I think that as a solo deck a two hero deck may struggle a little but playing two handed or two player you can have the second deck hold the fort for the first few turns and then the drawback is even further negated and the two hero deck will be given the support and time it needs to take off and dominate. More cards supporting this strategy will obviously only strengthen it but honestly I think a two hero deck could be run right now with the addition of Strider and would be quite powerful.

Leadership Aragorn and Sam could play first turn steward into strider and resourceful or even into strider and sneak attack gandalf. Bomb an enemy or drop threat by 5 to stay in secrecy longer. Gives you breathing space to set up even more so...

Heaps of possibilities with this card and I am only scratching the surface.

Edited by PsychoRocka

That's the beauty of this game as I see it. Because it is cooperative and because it can play 1-4 players, the design space is much wider than in a competitive game.

A card can be only useful for solo play and it's fine. A card can be weaker and thematic, or verging on broken (I love Gandalf and all his toys).

By creating a wide variety of cards across the power spectrum it gives the players greater agency in finding their own perfect way to play the game.

I'm fine with cards that fit specific niche. Few cards can be universal, and if they are, then they are probably too powerful. I'm not fine with cards can only be used with one specific hero, period. Taking your example, a card that is only useful for solo play in a game with 1-4 players has a 25% potential to be useful (and that's if we just take rough number of possible numbers of players, because something tells me solo play is the most popular play mode of this game). If we take a card that can only be used with specific hero, we're talking around 2%~ or less usage range.

Am I the only one who can't make any sense of this maths?

Let me break down that for ya a bit.

There are currently 72 released heroes. I won't be taking different versions of a single hero into account for the simplicity. If a card only interacts with a single specific hero, it means it can only be used in 100/72=1.38% situations that are available to you in terms of heroes you're running. Simply put it: you don't use said hero = you got yourself a dead card, congrats.

Just as something to compare, if a card interacts with a Warrior hero, then we got (100/72)*20=27.77% cases where that card can be used within current hero pool. Do you feel the difference?

As soon as you start deckbuilding, every choice you make renders cards "dead cards". I didn't play saga, so all the fellowship cards are dead. I didn't choose a tactics hero, so tactics cards are dead. I didn't choose any elves, so all the Noldor/Silvan cards are dead. etc.

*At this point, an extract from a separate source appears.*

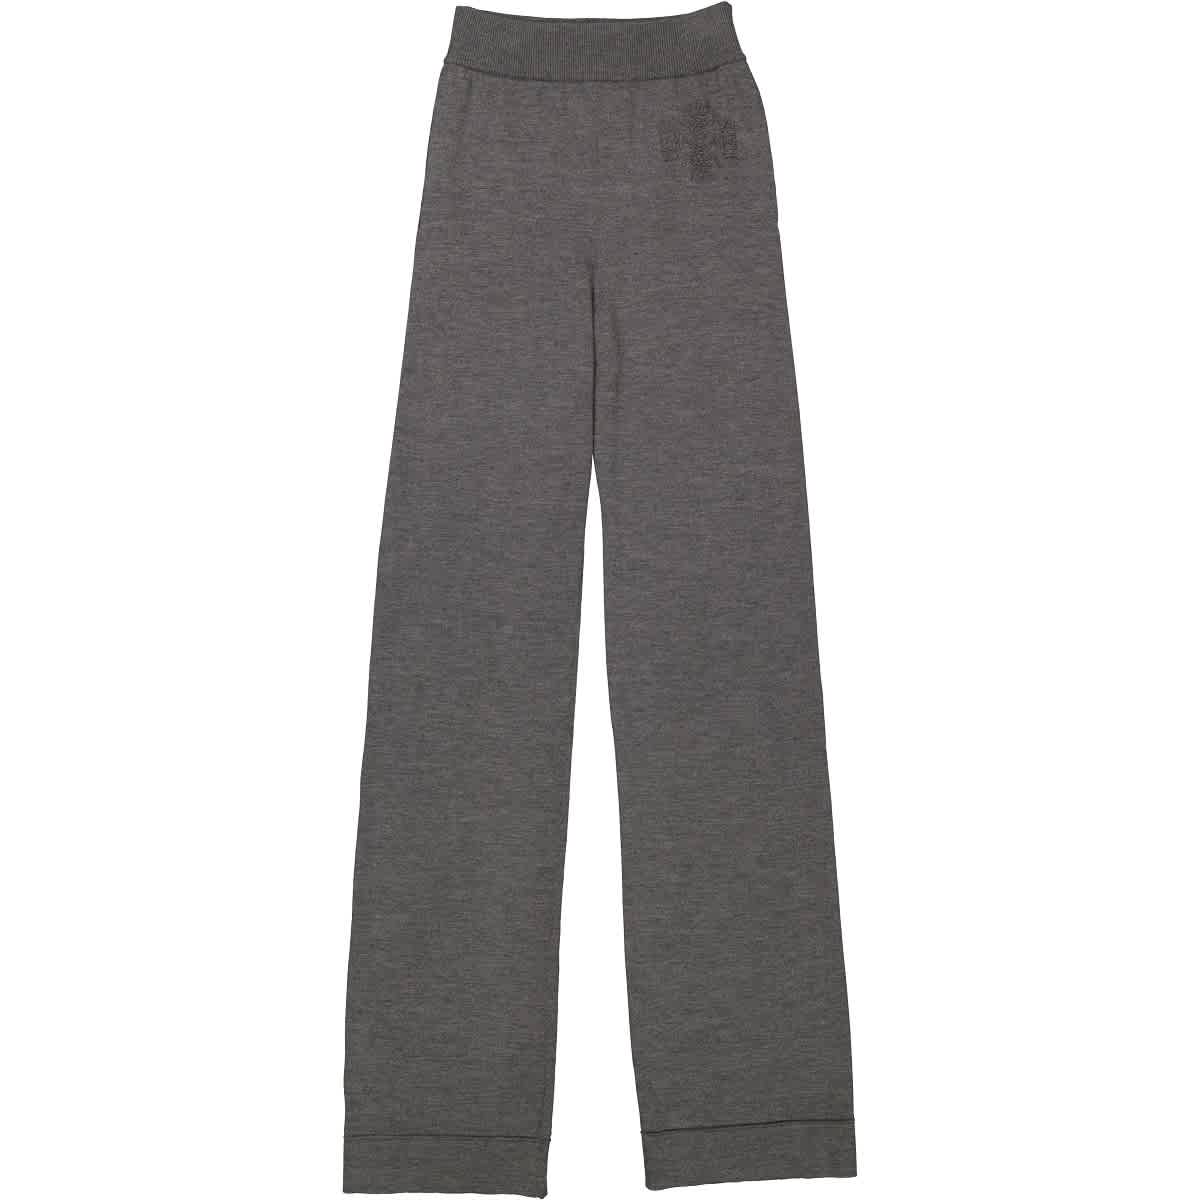 Barrie Ladies Grey Fine Knit Flared Trousers

Just because a card *could* theoretically be used more than another doesn't mean it *will* be. The named hero attachments tend to only be for big-name heroes like Aragorn or Gandalf, which I would suggest (based on anecdotal evidence from discussions/deck designs on these boards, and personal experience) see play a lot more than other, lesser heroes. As a result, their "named attachments" see more play as well.

For example, Captain of Gondor is a great card, and I use it in decks. It can attach to a warrior hero, it doesn't name a hero. But I see it show up far less frequently than Gandalf's Staff or Shadowfax, or Vilya and Nenya. Having powerful effects have an additional restriction prevents them overwhelming the game, while still being playable.

Edited by CaffeineAddict

So "Your argument doesn't make sense"="You are incapable of judgement"??

Overstate things much? I gotta say... it doesn't make sense.

However, on a positive note we have some agreement. I think it is clear that we not going to be able to have a meaningful discussion.